Jisheng Zhang June 25, 2024, 4:04 a.m. UTC
I believe the output constraints "=m" is not necessary, because
the instruction itself is "write", we don't need the compiler
to "write" for us. So tell compiler we read from memory instead
of writing.

Signed-off-by: Jisheng Zhang <jszhang@kernel.org>
---
 arch/riscv/include/asm/uaccess.h | 18 +++++++++---------
 1 file changed, 9 insertions(+), 9 deletions(-)

Comments

Arnd Bergmann June 25, 2024, 5:54 a.m. UTC | #1
On Tue, Jun 25, 2024, at 06:04, Jisheng Zhang wrote:
> I believe the output constraints "=m" is not necessary, because
> the instruction itself is "write", we don't need the compiler
> to "write" for us. So tell compiler we read from memory instead
> of writing.
>
> Signed-off-by: Jisheng Zhang <jszhang@kernel.org>

I think this is a bit too confusing: clearly there is no
read access from the __user pointer, so what you add in here
is not correct. There also needs to be a code comment about
why you do it this way, as it's not clear that this is
a workaround for old compilers without
CONFIG_CC_HAS_ASM_GOTO_OUTPUT.

> index 09d4ca37522c..84b084e388a7 100644
> --- a/arch/riscv/include/asm/uaccess.h
> +++ b/arch/riscv/include/asm/uaccess.h
> @@ -186,11 +186,11 @@ do {								\
>  	__typeof__(*(ptr)) __x = x;				\
>  	__asm__ __volatile__ (					\
>  		"1:\n"						\
> -		"	" insn " %z2, %1\n"			\
> +		"	" insn " %z1, %2\n"			\
>  		"2:\n"						\
>  		_ASM_EXTABLE_UACCESS_ERR(1b, 2b, %0)		\
> -		: "+r" (err), "=m" (*(ptr))			\
> -		: "rJ" (__x));					\
> +		: "+r" (err)			\
> +		: "rJ" (__x), "m"(*(ptr)));					\
>  } while (0)
> 

I suspect this could just be a "r" constraint instead of
"m", treating the __user pointer as a plain integer.

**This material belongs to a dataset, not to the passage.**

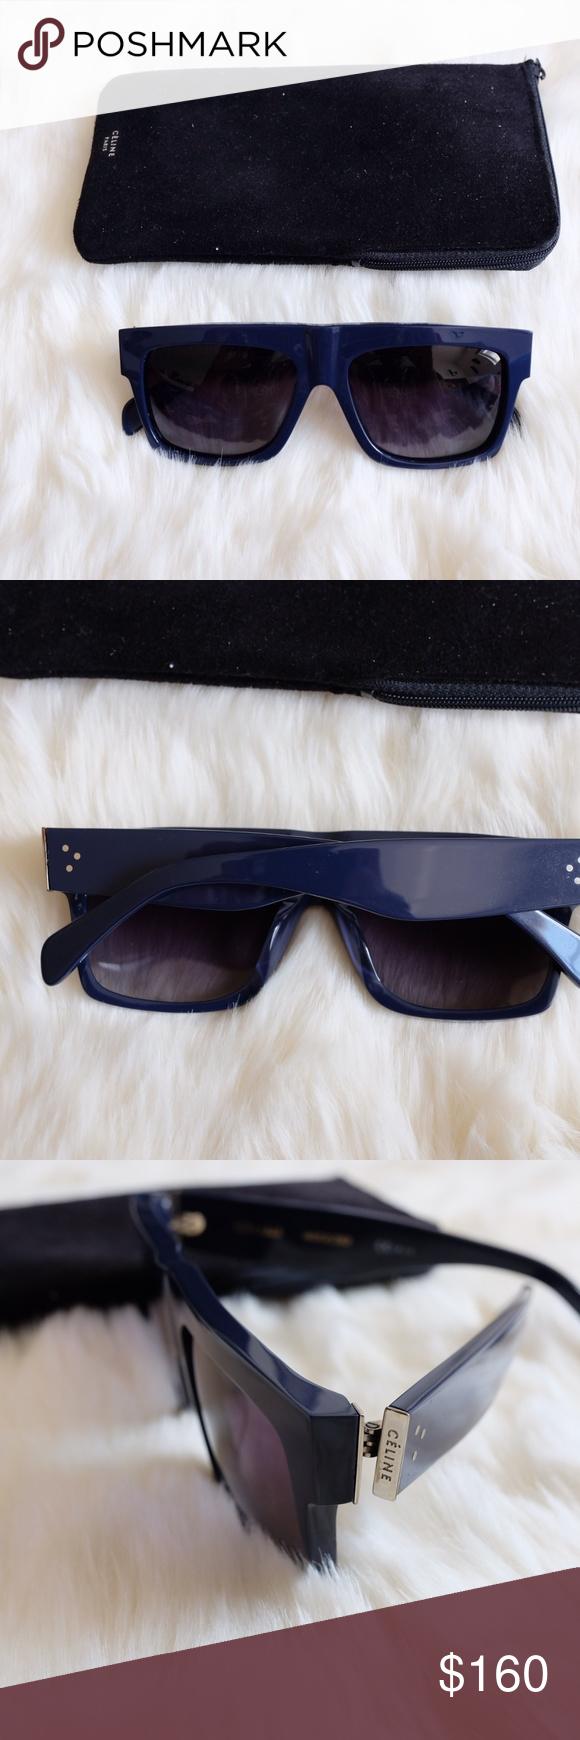 e4c12fad457 Celine ZZ Flat Top Polarized Navy Blue Sunglasses Retail   --

For kernel pointers, using "m" and "=m" constraints
correctly is necessary since gcc will often access the
same data from C code as well. For __user pointers, we
can probably get away without it since no C code is
ever allowed to just dereference them. If you do that,
you may want to have the same thing in the __get_user
side.

      Arnd
Jisheng Zhang June 26, 2024, 12:32 p.m. UTC | #2
On Tue, Jun 25, 2024 at 07:54:30AM +0200, Arnd Bergmann wrote:
> On Tue, Jun 25, 2024, at 06:04, Jisheng Zhang wrote:
> > I believe the output constraints "=m" is not necessary, because
> > the instruction itself is "write", we don't need the compiler
> > to "write" for us. So tell compiler we read from memory instead
> > of writing.
> >
> > Signed-off-by: Jisheng Zhang <jszhang@kernel.org>
> 
> I think this is a bit too confusing: clearly there is no
> read access from the __user pointer, so what you add in here
> is not correct. There also needs to be a code comment about

Here is my understanding: the __put_user is implemented with
sd(or its less wider variant, sw etc.), w/o considering the
ex_table, the previous code can be simplified as below:

__asm__ __volatile__ (
	"sw	%z2, %1\n"
	: "+r" (err), "=m" (*(ptr))
	: "rJ" (__x));

Here ptr is really an input, just tells gcc where to store,
And the "store" action is from the "sw" instruction, I don't
need the gcc generates "store" instruction for me. so IMHO,
there's no need to use output constraints here. so I changed
it to

__asm__ __volatile__ (
	"sw	%z1, %2\n"
	: "+r" (err)
	: "rJ" (__x), "m"(*(ptr)));

The key here: is this correct?


Here is the put_user piece code and comments from x86

/*
 * Tell gcc we read from memory instead of writing: this is because
 * we do not write to any memory gcc knows about, so there are no
 * aliasing issues.
 */
#define __put_user_goto(x, addr, itype, ltype, label)                   \
        asm goto("\n"                                                   \
                "1:     mov"itype" %0,%1\n"                             \
                _ASM_EXTABLE_UA(1b, %l2)                                \
                : : ltype(x), "m" (__m(addr))                           \
                : : label)


As can be seen, x86 also doesn't put the (addr) in output constraints,
I think x86 version did similar modification in history, but when I tried
to searh the git history, the comment is there from the git first day.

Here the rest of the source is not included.